WORK TO BE COMPLETED
All lines from the one containing "Hello Spring Script" through the end of the material below are to be printed exactly, both ends included, minus pictures.

DATASET EXTRACT

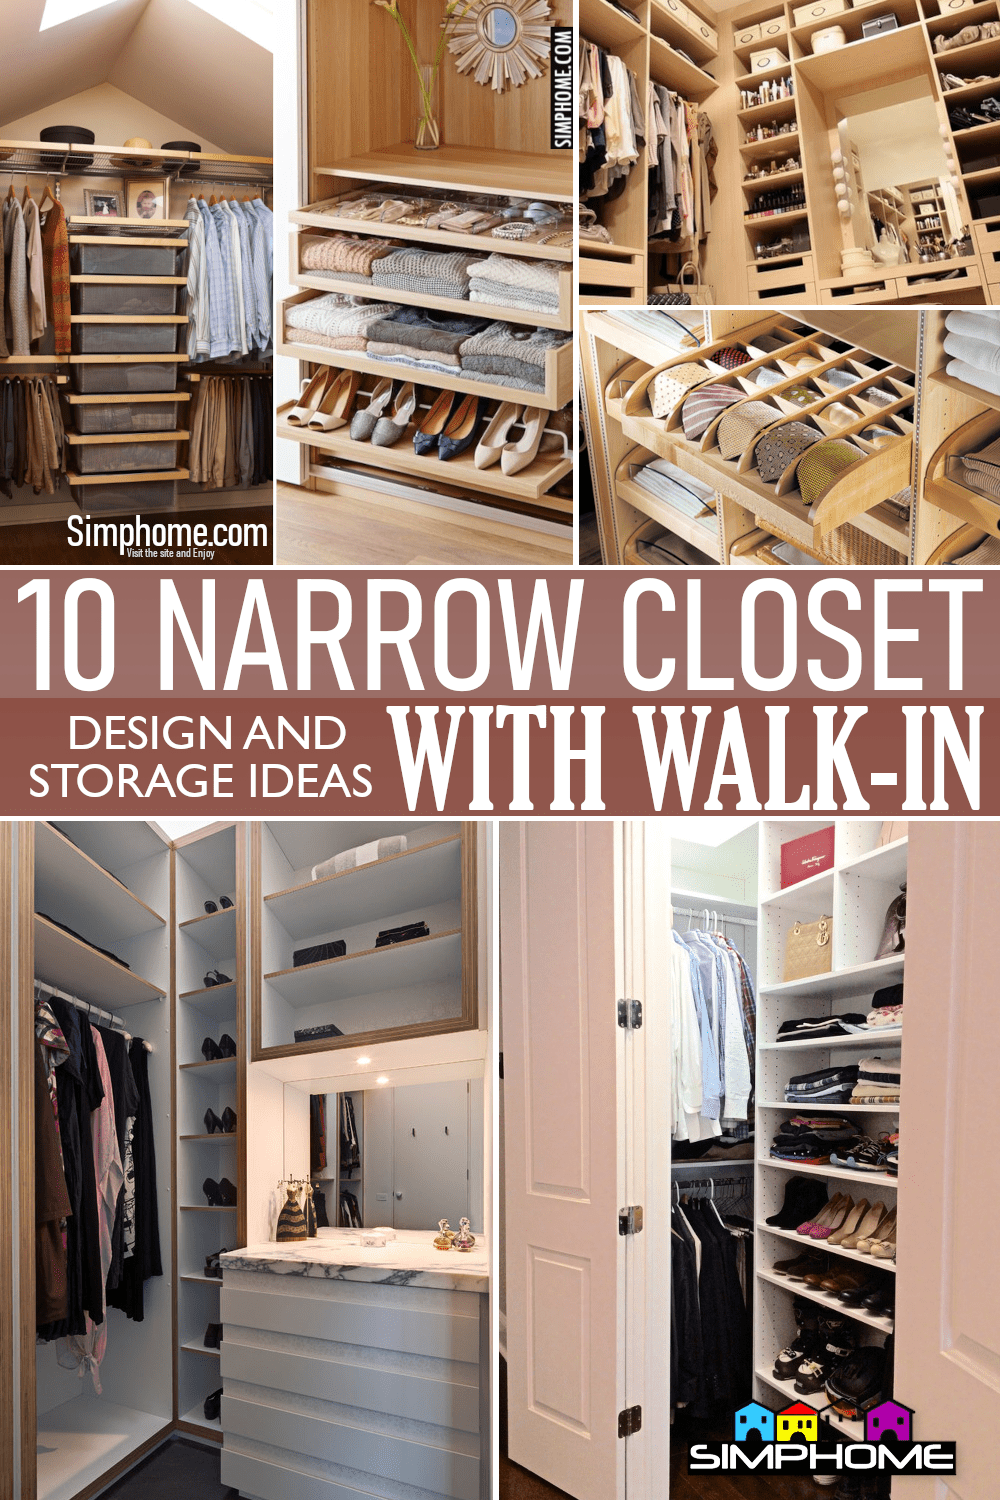 10 Narrow Closet Design and Storage Ideas with Walk in via Simphome.comFeatured
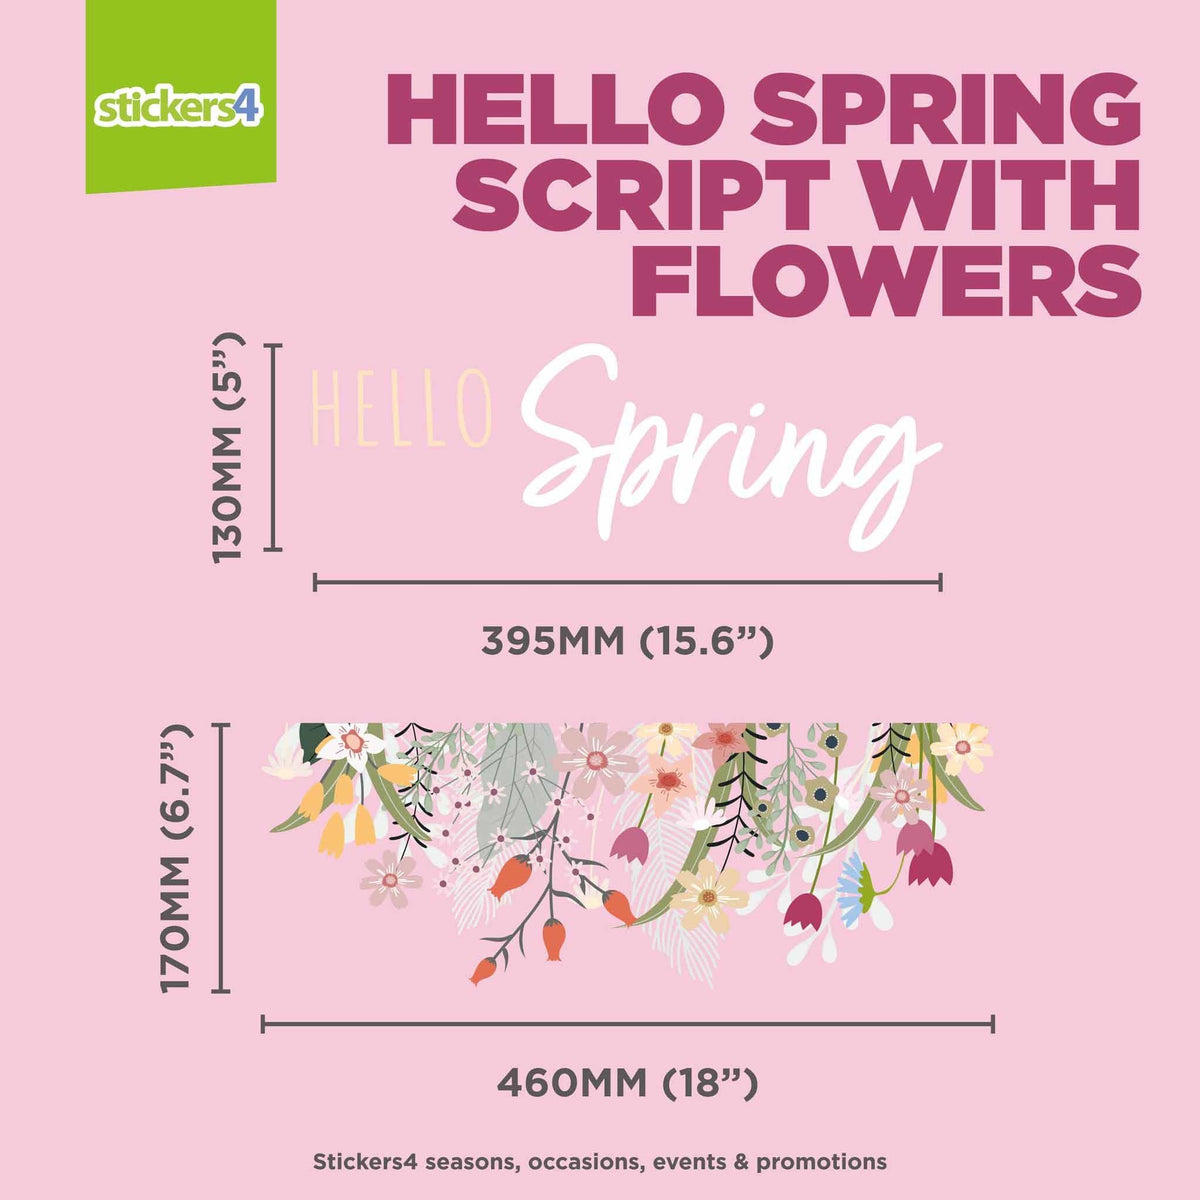 Hello Spring Script with Flowers Window Stickers
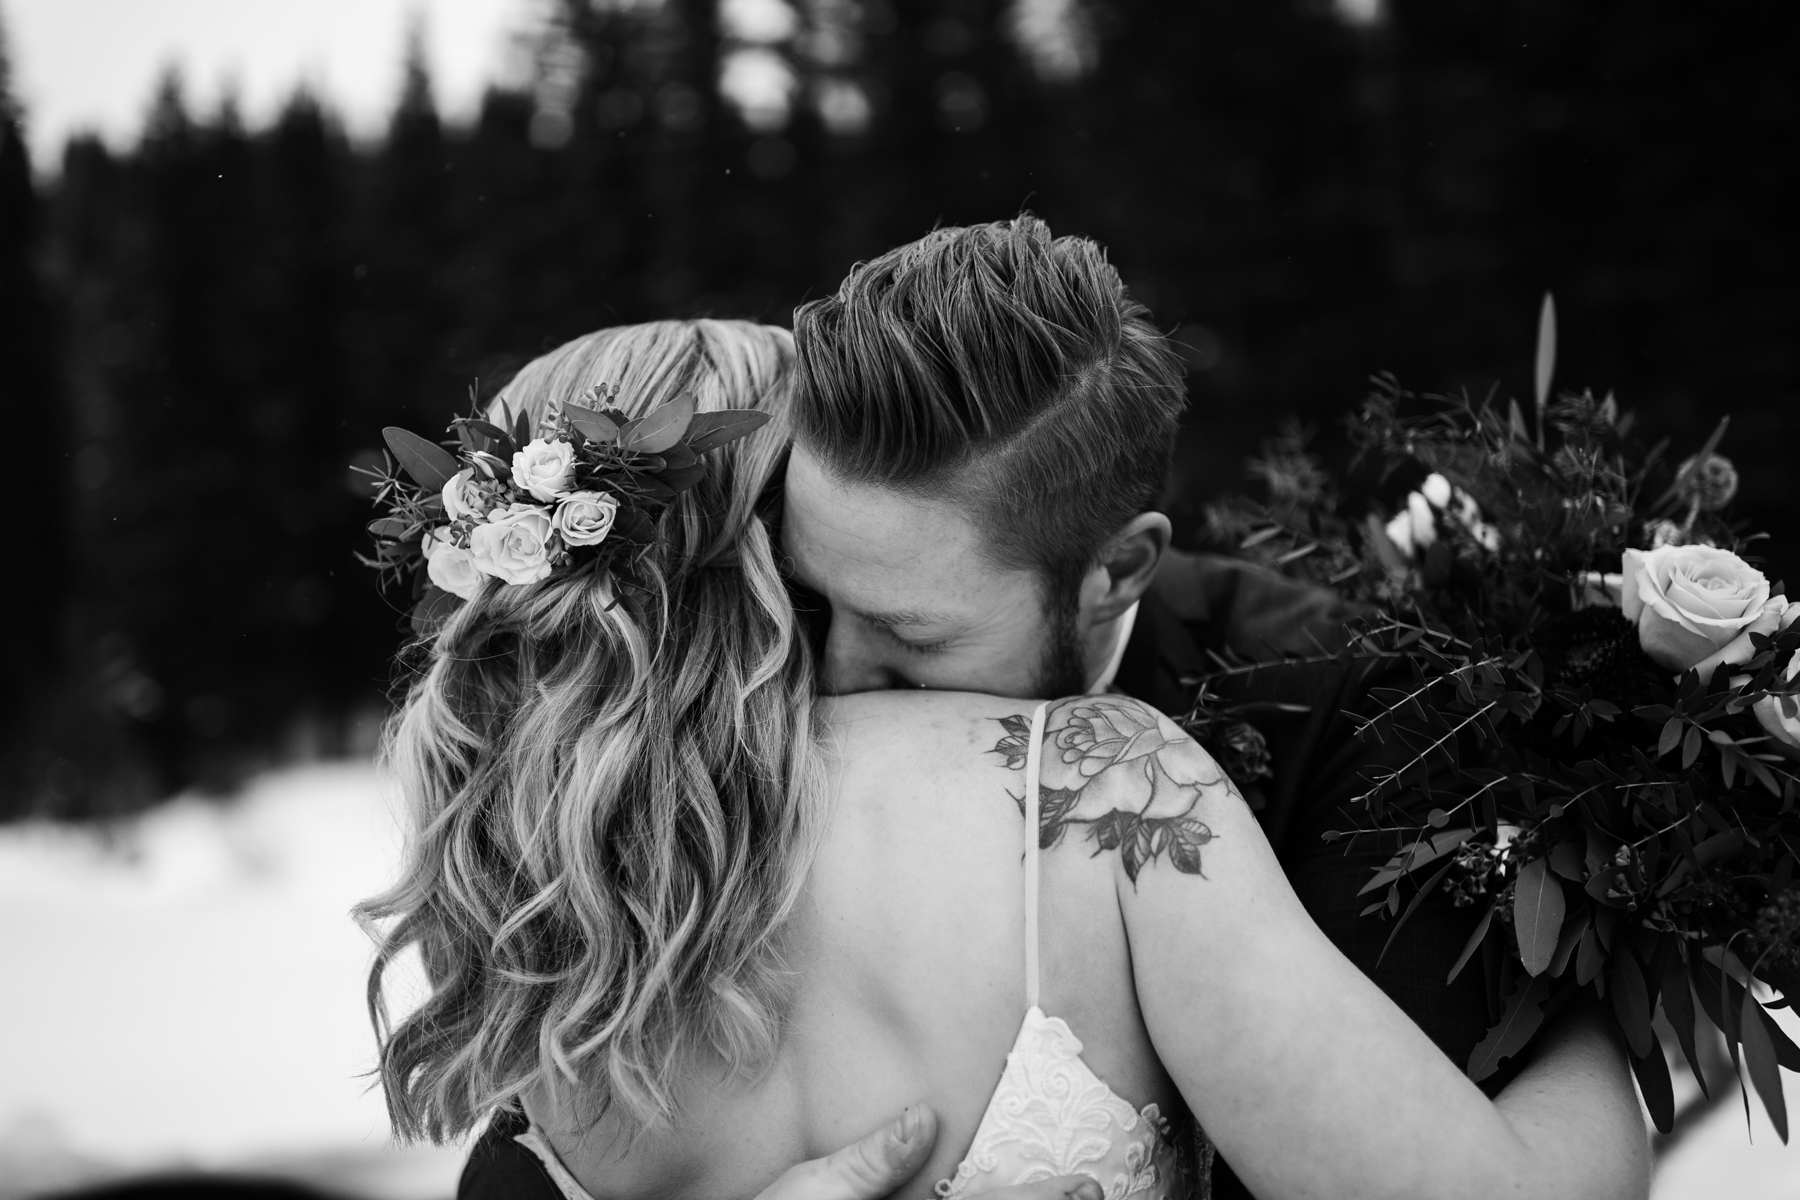 Canmore Elopement Photographer in the Canadian Rockies - Image 17

RESULT FOR THIS EXERCISE
 Hello Spring Script with Flowers Window Stickers
 Canmore Elopement Photographer in the Canadian Rockies - Image 17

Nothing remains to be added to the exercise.